Отторино прищурился.
— Ну, и что с того?
— Я ведь уже говорил с тобой однажды на эту тему, что с того,— ответил Клаудио.
— А-а-а,— протянул младший дель Веспиньяни, — это ты о смирении? Ты ведь рассказывал мне какую-то притчу, красивую байку о святом Франциске, о смирении... Я, кажется, что-то подобное слышал еще когда был студентом в Болонском университете...
— И ты не согласен?
— С чем?
— С тем, что из всего этого следует?
Отторино внутренне не был готов к этому разговору, больше всего на свете теперь ему хотелось бы остаться одному, чтобы как-нибудь в спокойной обстановке попытаться прояснить план действий, подумать, что теперь он сможет сказать Эдере, подумать, в какую же ситуацию поставил Джузеппе Росси Андреа...
А вместо этого он был вынужден сидеть и слушать нравоучения своего отца...
— Папа,— сказал он, тяжело посмотрев на Клаудиа — ты вновь будешь говорить о смирении, о том, что надо принимать жизнь такой, какова она есть, что никогда нельзя строить иллюзий, что я должен смириться, что я... Ну, и так далее — подробности письмом. Ты всякий раз начинаешь читать свои нравоучения там, где их, казалось бы, и читать не надо было бы...
Клаудио, неожиданно улыбнувшись, изрек:
— Но — согласись! — ведь у меня есть на это причины...
— У тебя, отец, всегда и на все есть какие-то причины, — поморщился Отторино.
— Разумеется.
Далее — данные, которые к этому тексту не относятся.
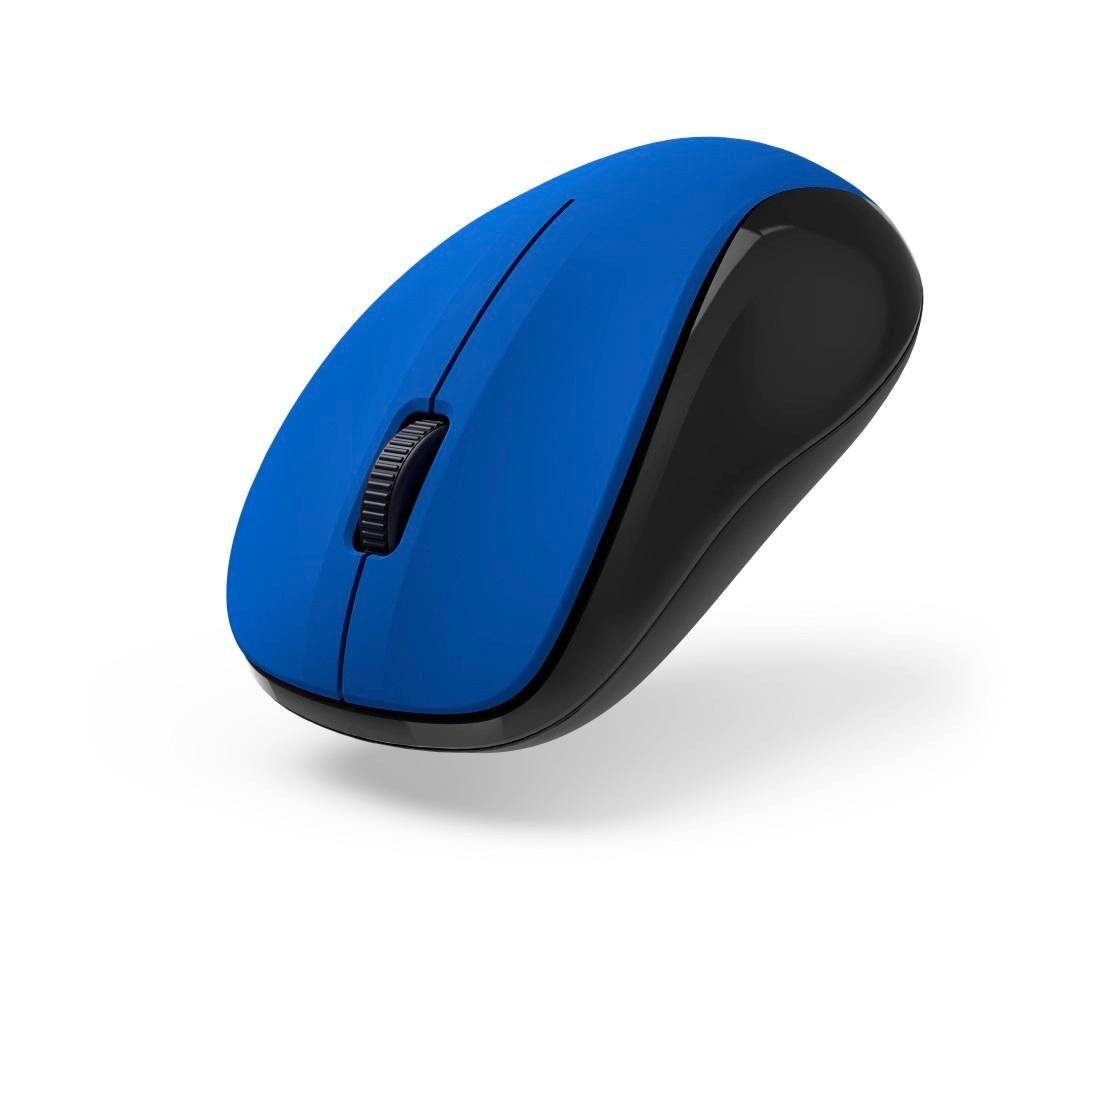 Hama Optische 3 Tasten Funkmaus blau "MW-300 V2", geräuschlos, Maus Empfänger USB

Потому что без причин ничего не происходит,— веско сказал старый граф.
— И каковы же причины?
— Твое теперешнее состояние, твое неисправимое, непоколебимое желание вернуть то, что уже никак не вернешь...
— ...?
— Отторино, я ведь старый человек, я ведь все вижу, и все прекрасно понимаю — Мне не надо никаких дополнительных объяснений, да и от тебя их вряд ли дождешься... Тем более, что я тебя о них и не прошу...
Склонив голову набок, молодой граф пристально посмотрел на отца и уточнил:
— Объяснений?
— Да, — мягко ответил тот.
— О чем?
— И вот опять ты уходишь от прямого ответа на вопросы,— улыбнулся Клаудио, стараясь вложить в эту улыбку как можно больше мягкости и доброжелательности.
— Но ведь ты, если я не ошибаюсь, никаких вопросов мне не задавал,— напомнил Отторино,— ты не ставил передо мной вопросов...
— Их поставила перед тобой жизнь,— очень серьезно ответил Клаудио.— И если я тебе говорю о вопросах не задавая их напрямую, стало быть, я их только подразумеваю...
— ...?
И старый граф, серьезно, пристально посмотрев сына, произнес:
— Сынок, послушай, я хотел бы дать тебе один хороший совет...
— Какой совет?
— Чтобы ты оставил в покое Эдеру...
После этих слов отца Отторино вспыхнул: он никак не мог думать, что теперь отец переведет разговор на эту болезненную для него, Отторино, тему.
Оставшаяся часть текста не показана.